Automated Trading Bots
The headline feature is the cryptohopper bot system. Bots run 24/7 in the cloud, so they keep working when your computer is off. You can deploy several bot styles including trailing stop bots, DCA setups, and signal-triggered bots. Configuration happens through forms and toggles rather than code, which is part of the appeal for non-developers. Bots execute trades on your connected exchange using API keys, with position sizing and risk rules you define up front.
Bot Marketplace
The marketplace is what separates Cryptohopper from the pack. Strategy designers publish pre-built bot templates, and other users can copy them into their own account or subscribe to follow their signals. Some templates are free, many are paid. This lowers the barrier for traders who do not want to design their own strategy. The tradeoff is that you rely on someone else's assumptions, and historical marketplace performance does not guarantee future results.
Paper Trading
Paper trading mode lets you test a strategy using a simulated portfolio without risking real capital. This is useful for new users who want to see how a bot behaves through a few market swings before turning it loose with real funds.
Signal Subscriptions
Cryptohopper operates a signal ecosystem. Providers share trade calls that your bot can act on automatically. A few are free, but most are paid subscriptions priced separately from your base plan. This is another layer of recurring cost, and signal quality varies widely between providers.
Exchange Integration
Cryptohopper connects to major centralized exchanges through API integration. If you trade primarily on one or two big exchanges, this works fine. If you spread capital across many venues, or trade on less common exchanges, you may find coverage gaps.
Security Features
Cryptohopper supports 2FA, encrypted storage of API keys, and IP whitelisting. Best practice is to create exchange API keys with trade-only permissions and explicitly disable withdrawals. Cryptohopper follows industry-standard hygiene, though as with all cloud services you are trusting a third party with sensitive credentials.
Cryptohopper Pricing in 2026
Cryptohopper pricing uses a tiered subscription model. Tiers scale with features and, more importantly, with the number of simultaneous positions or configured bots a user is allowed to run. Plans range from entry-level for hobbyists to higher-tier options for traders who want more positions and advanced features. Because exact prices move over time, check cryptohopper.com directly for the current numbers.
The base subscription is rarely the full cost. Signal subscriptions carry their own monthly fees, and premium marketplace templates can have one-off or recurring charges. For casual traders running a single bot, costs stay modest. For users who stack signals, marketplace strategies, and a higher tier plan, monthly spend adds up quickly. This is a common point of feedback in cryptohopper review threads and a legitimate concern to weigh before committing.
How Cryptohopper Works
The practical workflow is straightforward. Create a Cryptohopper account, then connect exchange API keys through the dashboard. Choose a bot template from the marketplace or build your own. Set the budget, pick your trading pair, and define risk rules such as stop loss and take profit. Once configured, the bot runs in the cloud and you monitor performance through the web dashboard or mobile app.

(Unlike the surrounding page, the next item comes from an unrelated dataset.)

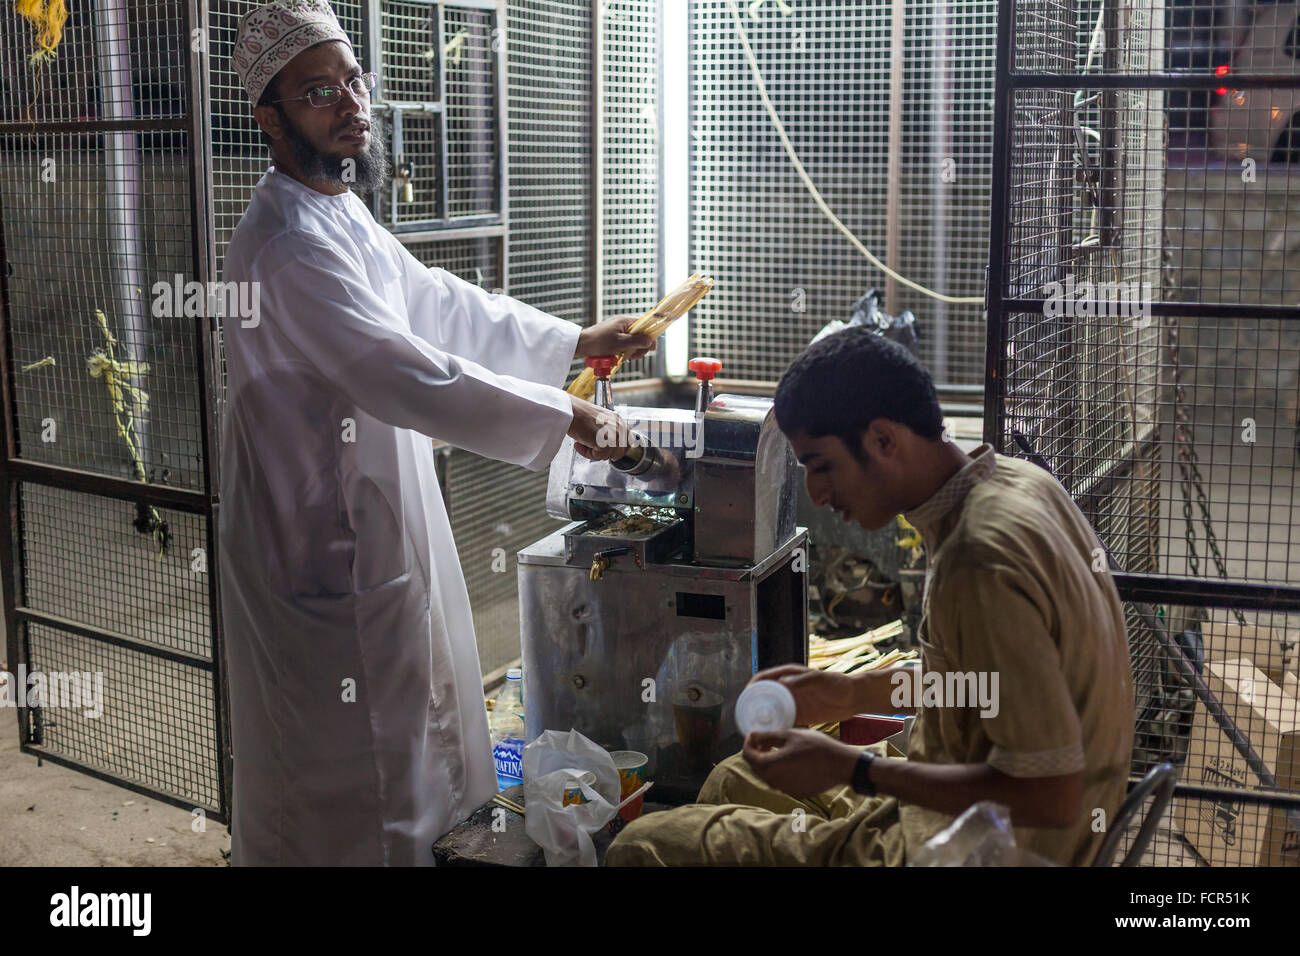 NIZWA, OMAN - NOV 25: Omani man selling freshly made bamboo juice in Nizwa at night. November 25, 2015 in Nizwa, Sultanate of Om Stock Photo

Who Should Use Cryptohopper?
Cryptohopper suits traders who want a hands-off, automated approach and are comfortable letting a pre-built or copied strategy run on their behalf. It fits users who trade mostly on one or two supported centralized exchanges and who value the community and marketplace aspect. Beginners often start here because cloud hosting removes infrastructure friction.
It is less of a fit for manual traders who want a professional trading terminal. If your day revolves around reading charts, executing precise entries with advanced order types, and managing positions across many exchanges, a bot-first platform will feel restrictive. It is also not ideal for traders who want rigorous custom backtesting of their own strategies rather than trusting marketplace templates.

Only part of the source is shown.